** Opening EXERCISE DATA block **

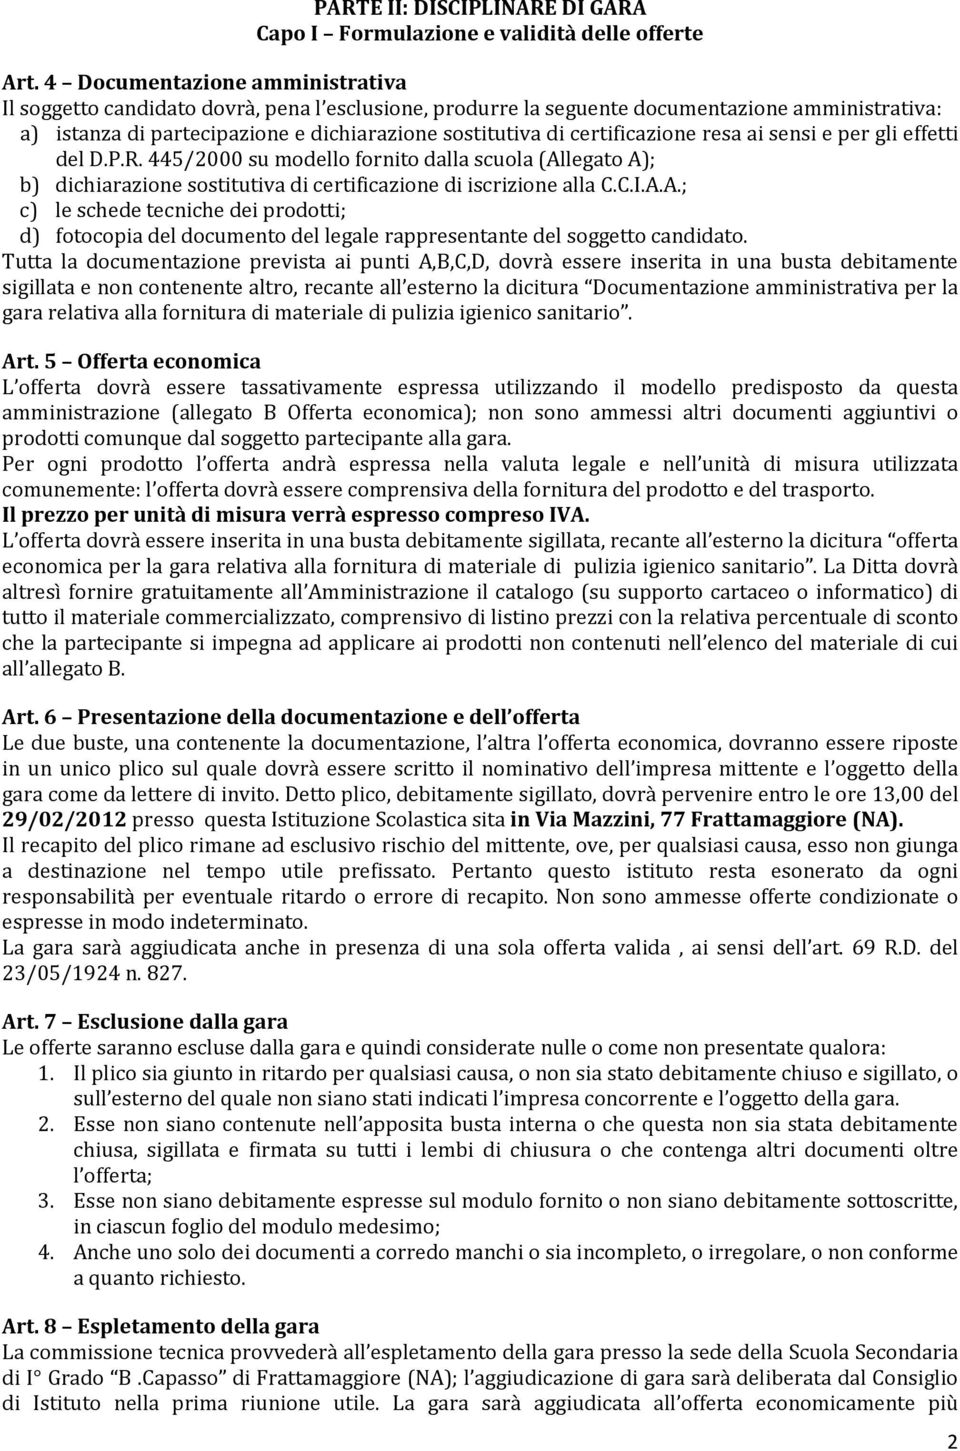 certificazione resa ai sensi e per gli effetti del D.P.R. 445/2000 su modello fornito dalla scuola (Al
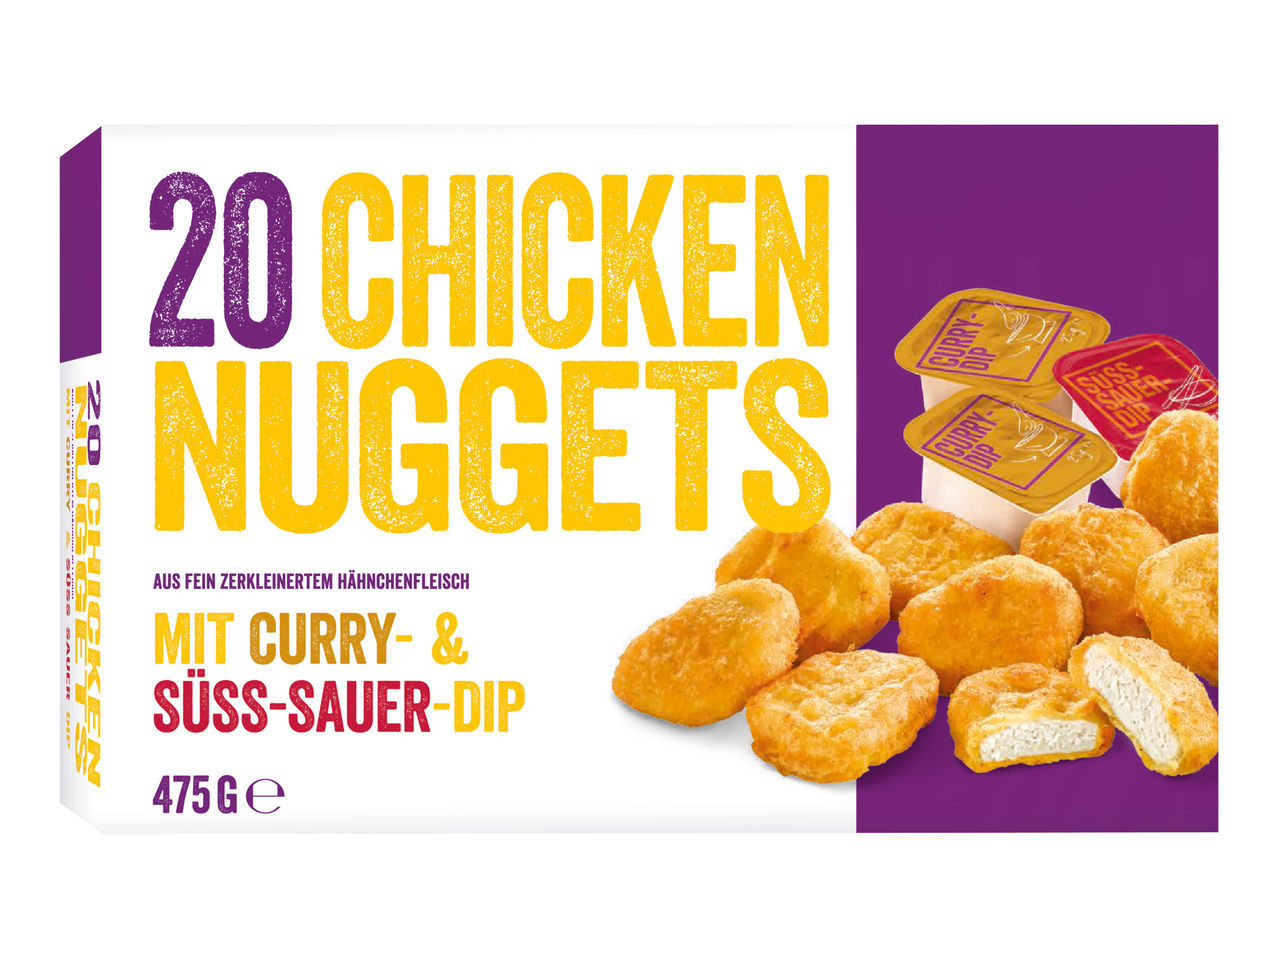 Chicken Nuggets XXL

** Closing EXERCISE DATA block **
** Opening EXERCISE DATA block **

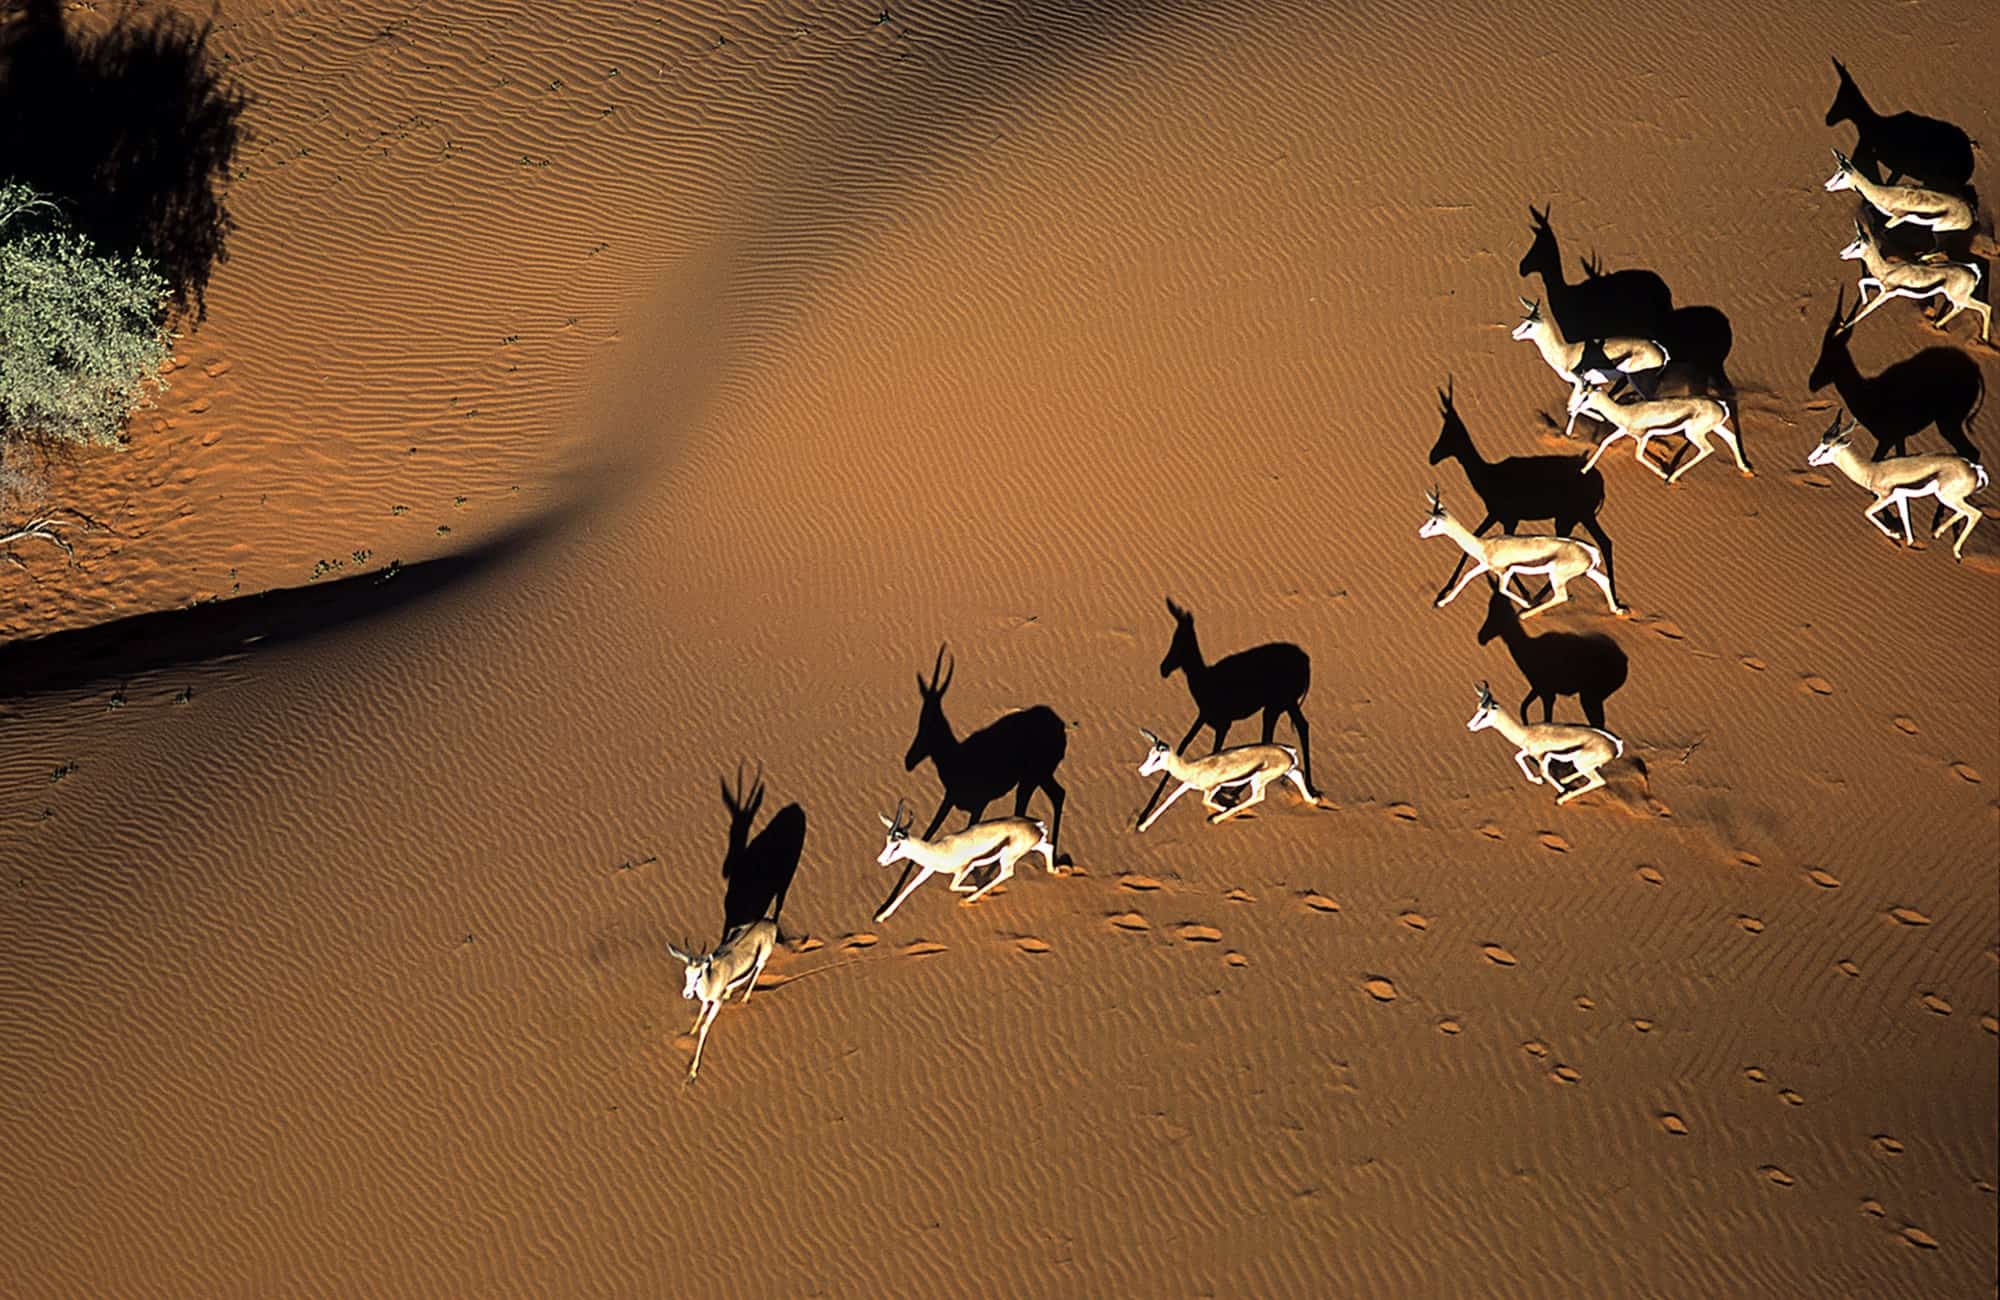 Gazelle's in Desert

** Closing EXERCISE DATA block **

* **BRIEF**: From the line containing "certificazione resa ai" through the line containing "Chicken Nuggets XXL", copy every line above exactly, without pictures.

* **TASK ANSWER**:
 certificazione resa ai sensi e per gli effetti del D.P.R. 445/2000 su modello fornito dalla scuola (Al
 Chicken Nuggets XXL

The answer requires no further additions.